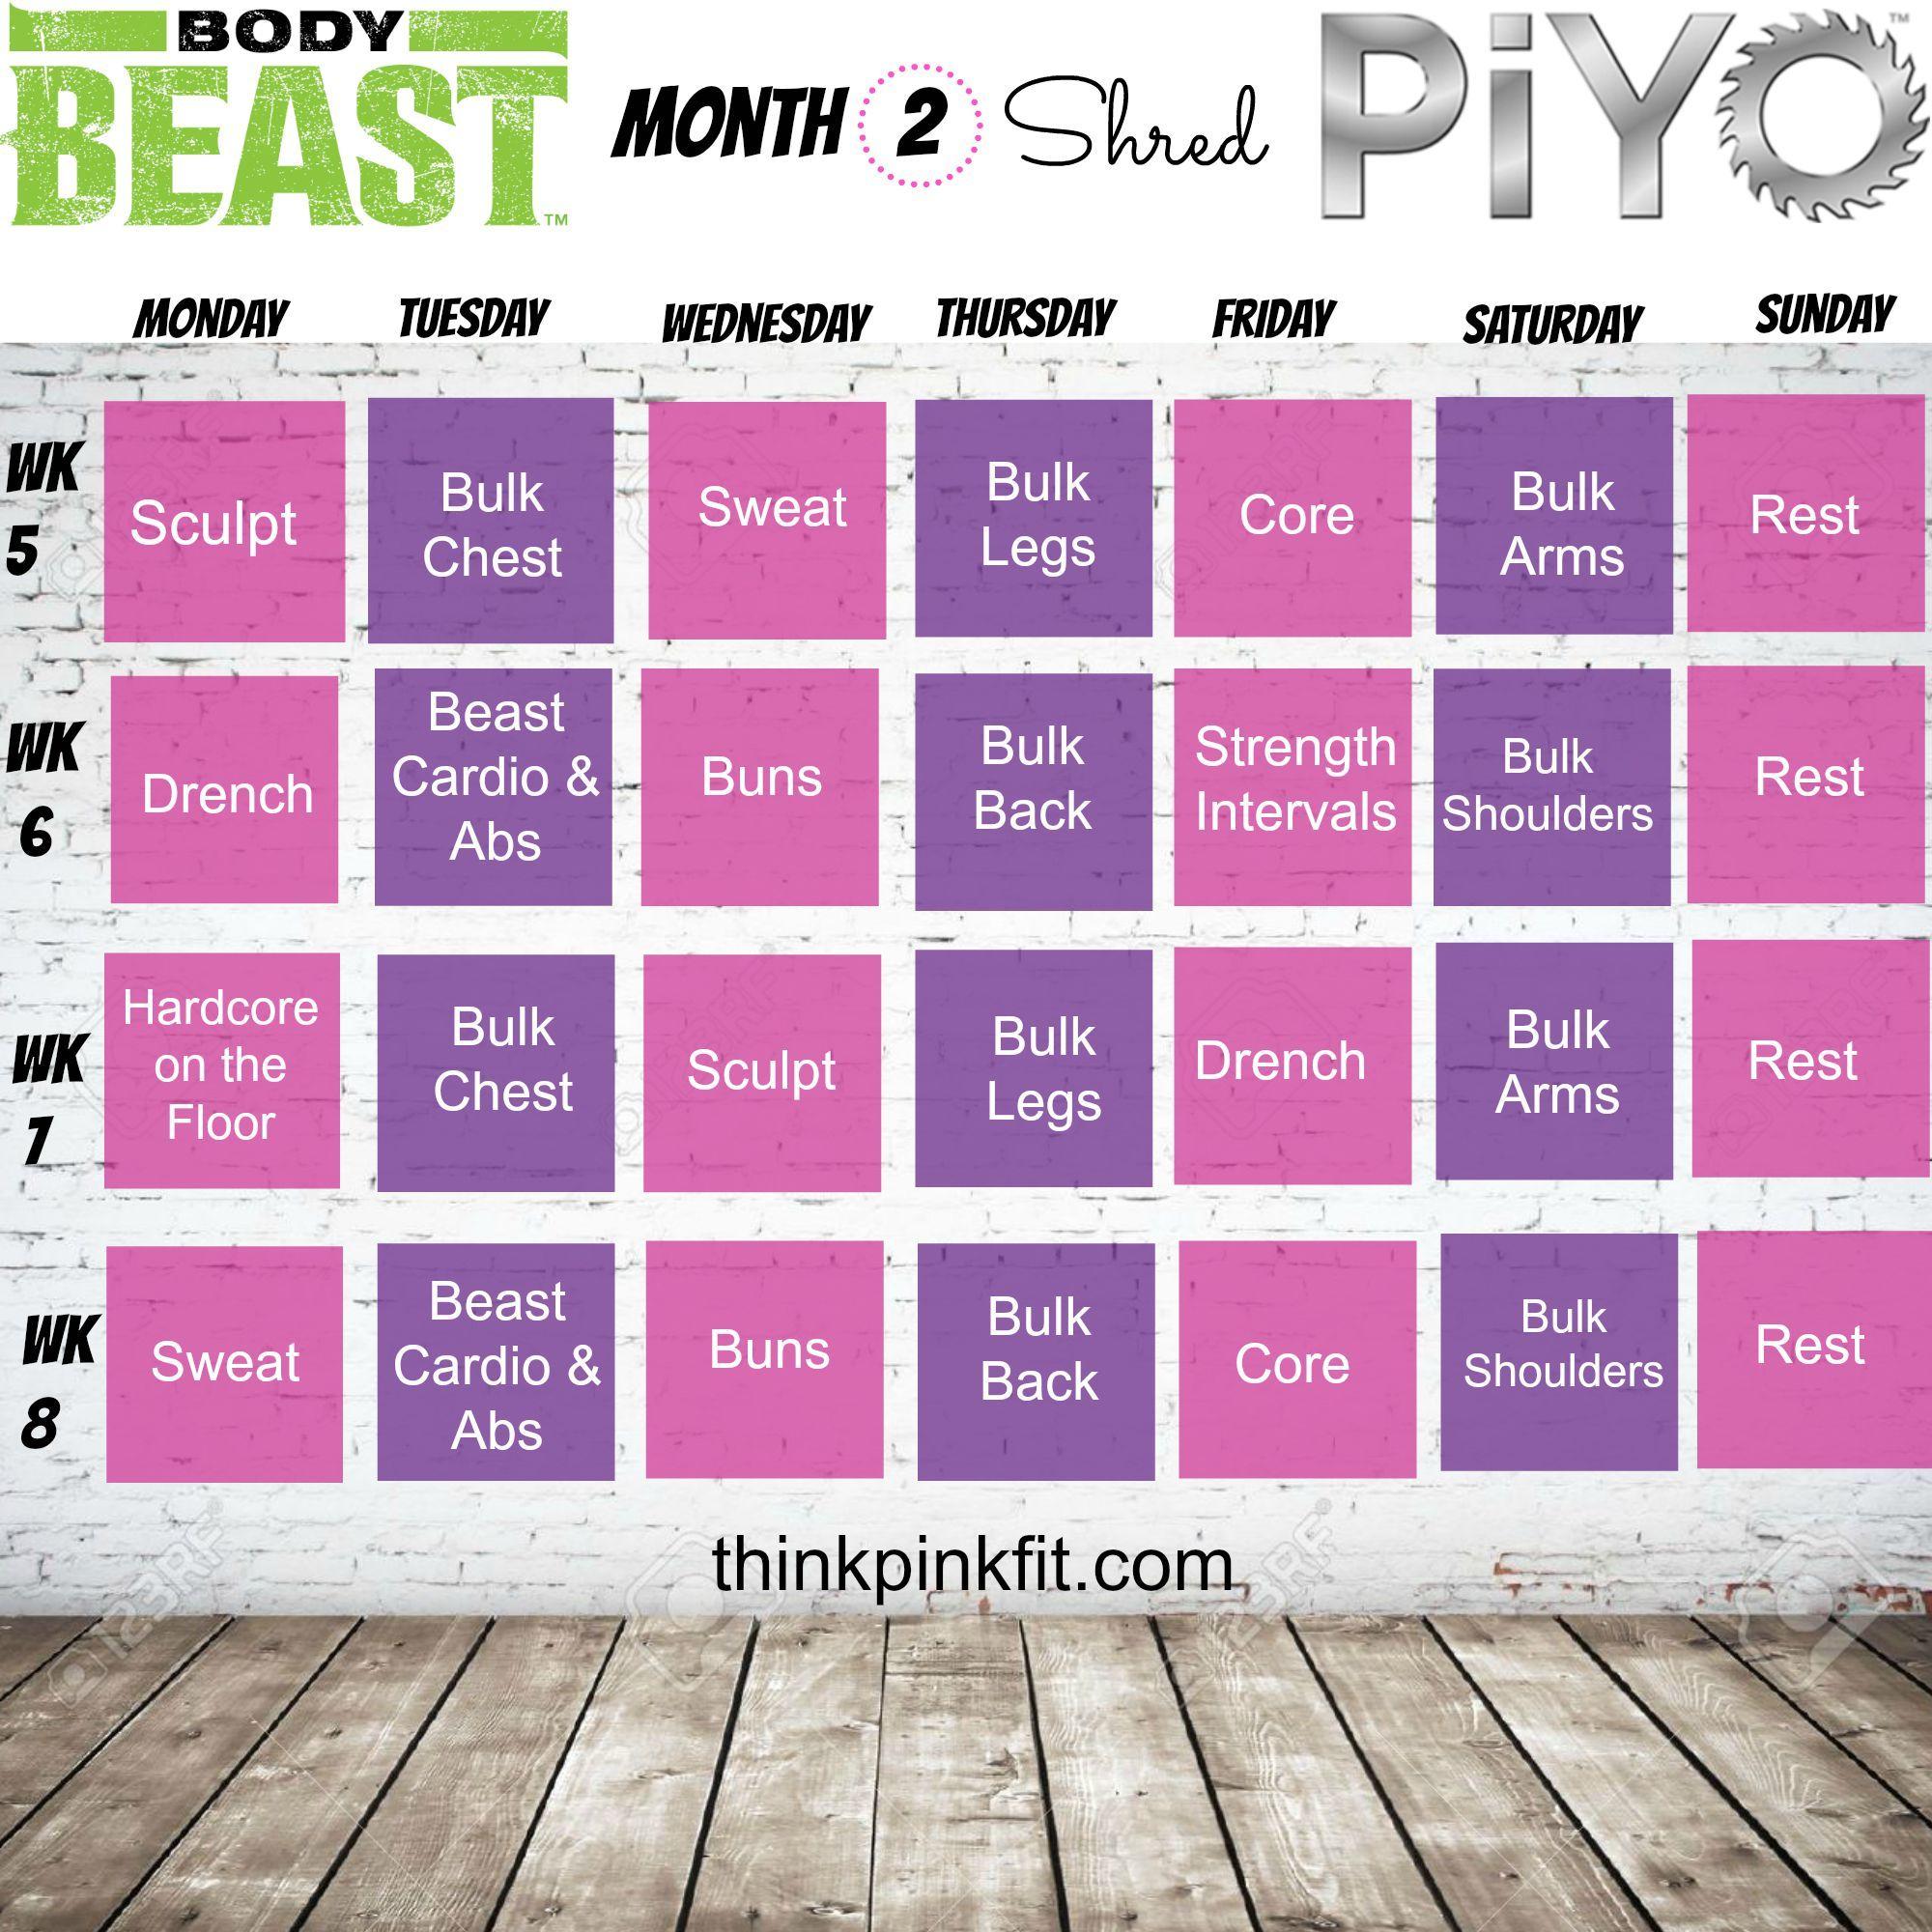 Body Beast & Piyo Hybrid Schedule For Strength And with regard to Piyo Calendar Printable
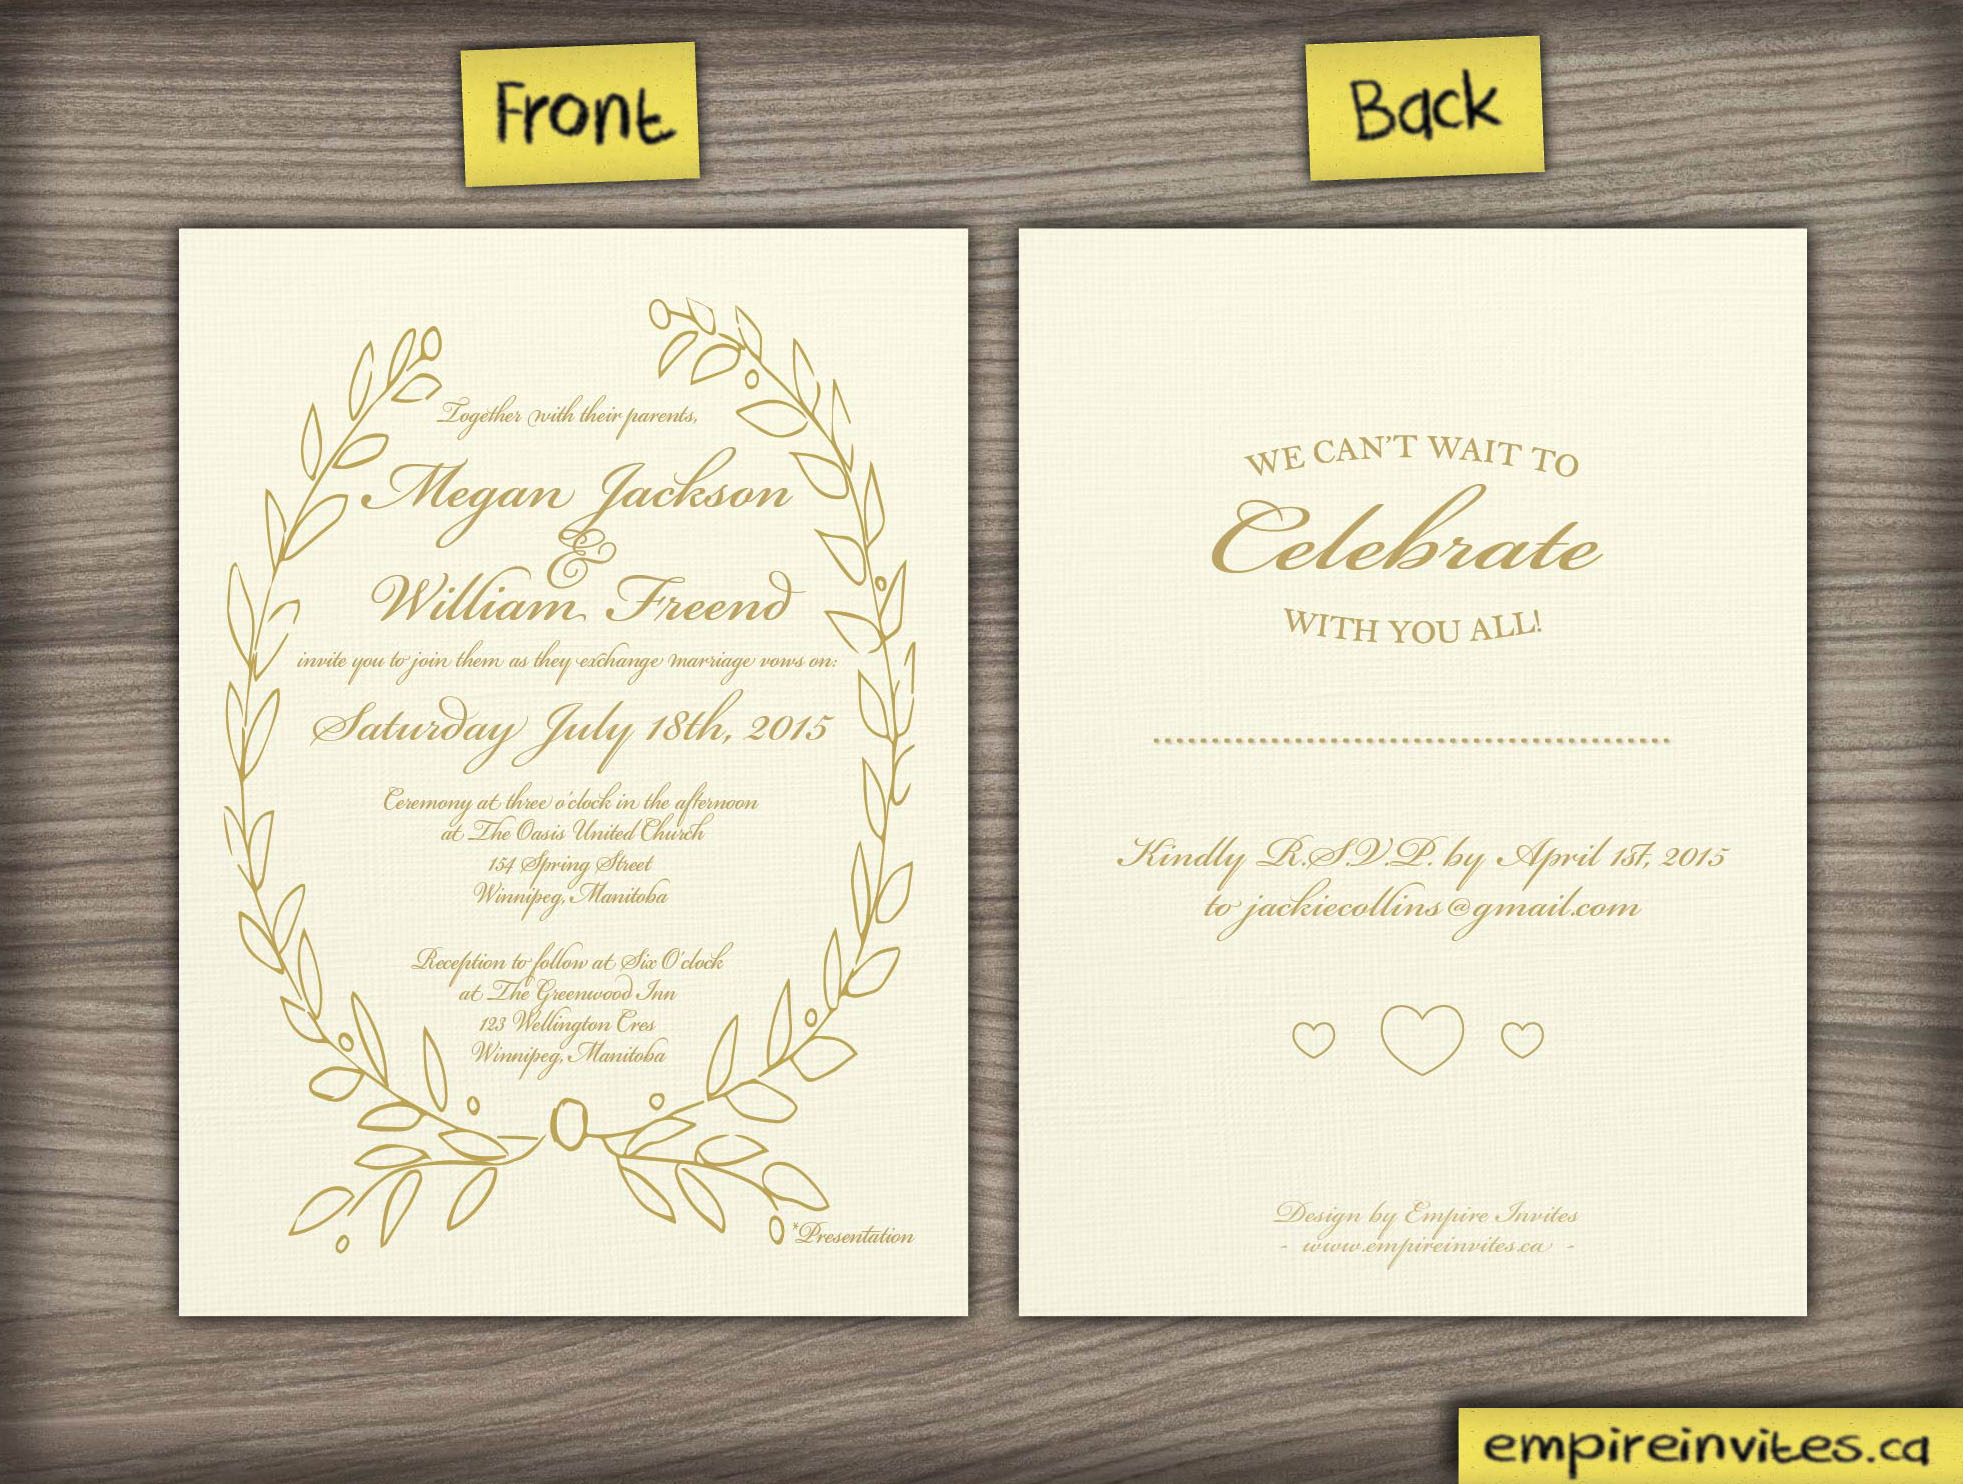 Wedding Invitation Envelopes Canada: Custom Greek Style Wedding Invitation From Winnipeg
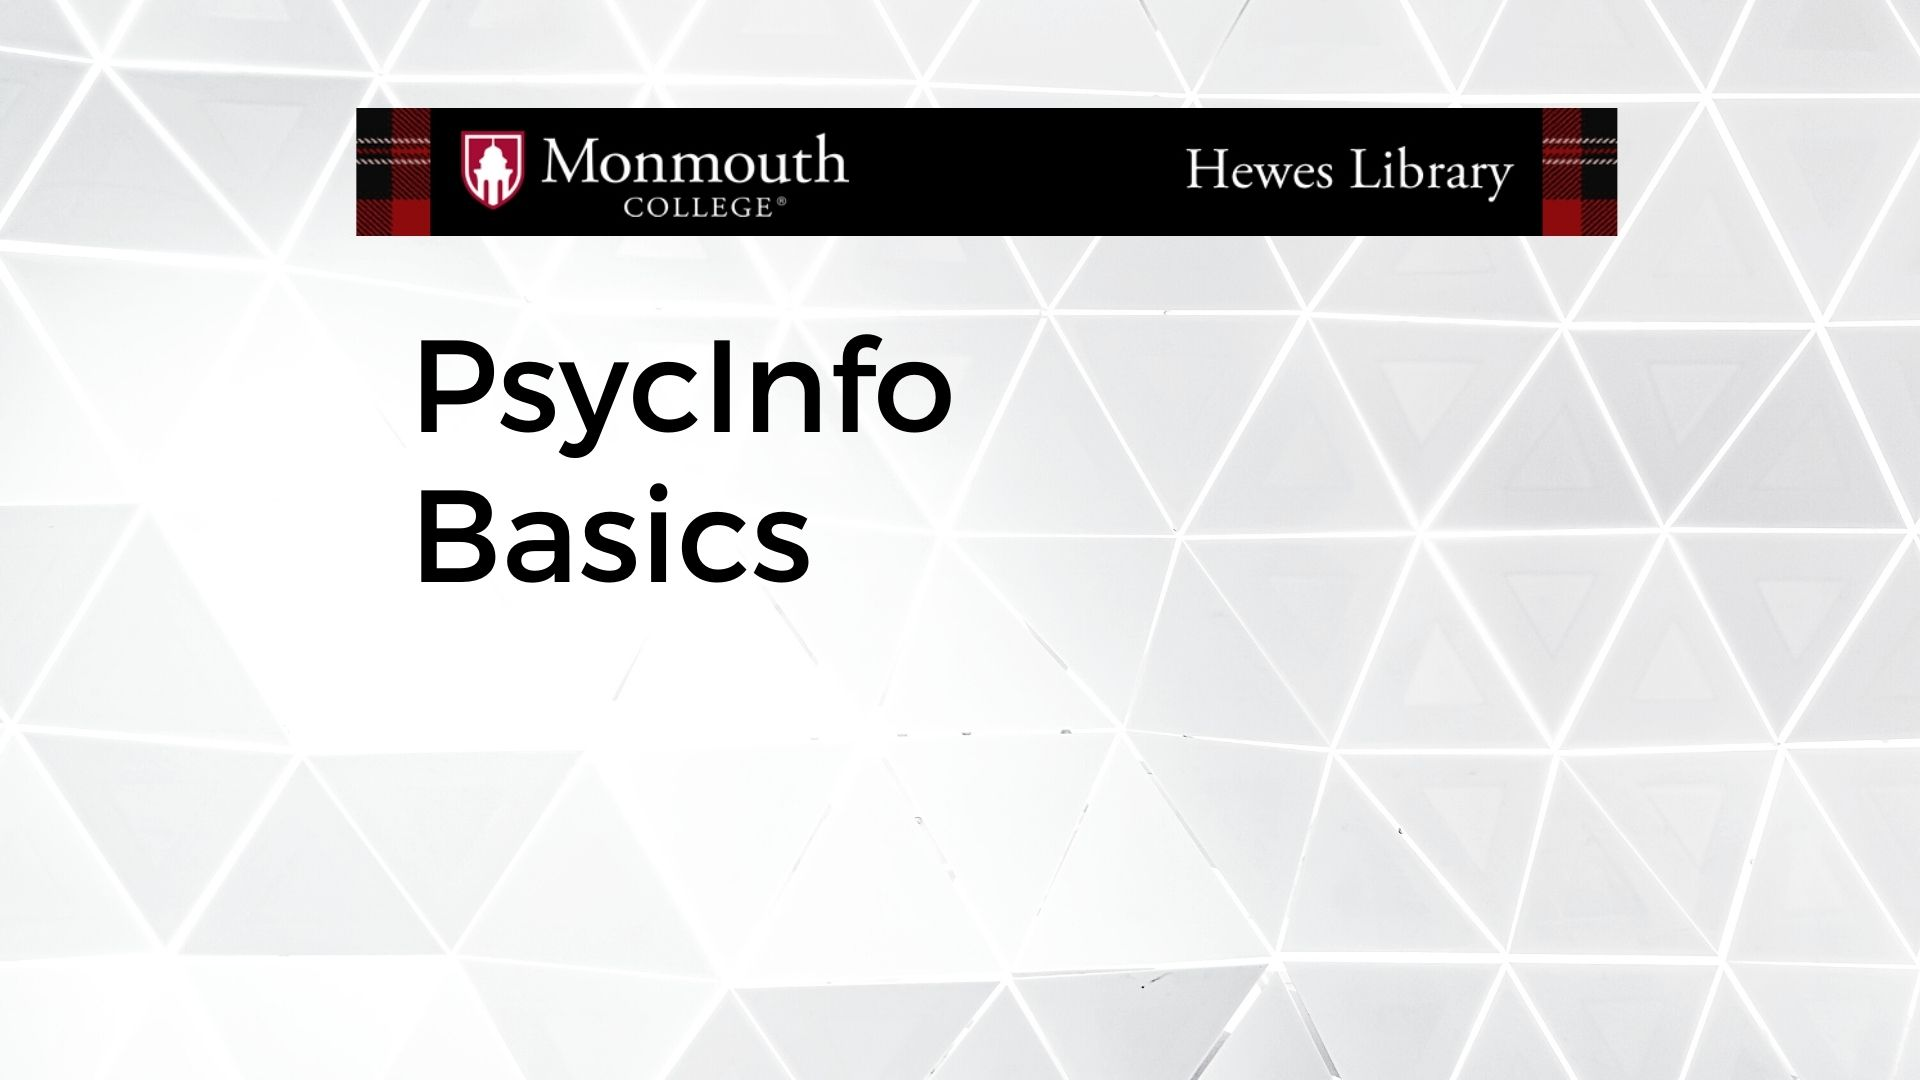 PsycInfo Basics

================

Required action — Transcribe all of the listing precisely. The images stay out of it.

Result —
 Body Beast & Piyo Hybrid Schedule For Strength And with regard to Piyo Calendar Printable
 Wedding Invitation Envelopes Canada: Custom Greek Style Wedding Invitation From Winnipeg
 PsycInfo Basics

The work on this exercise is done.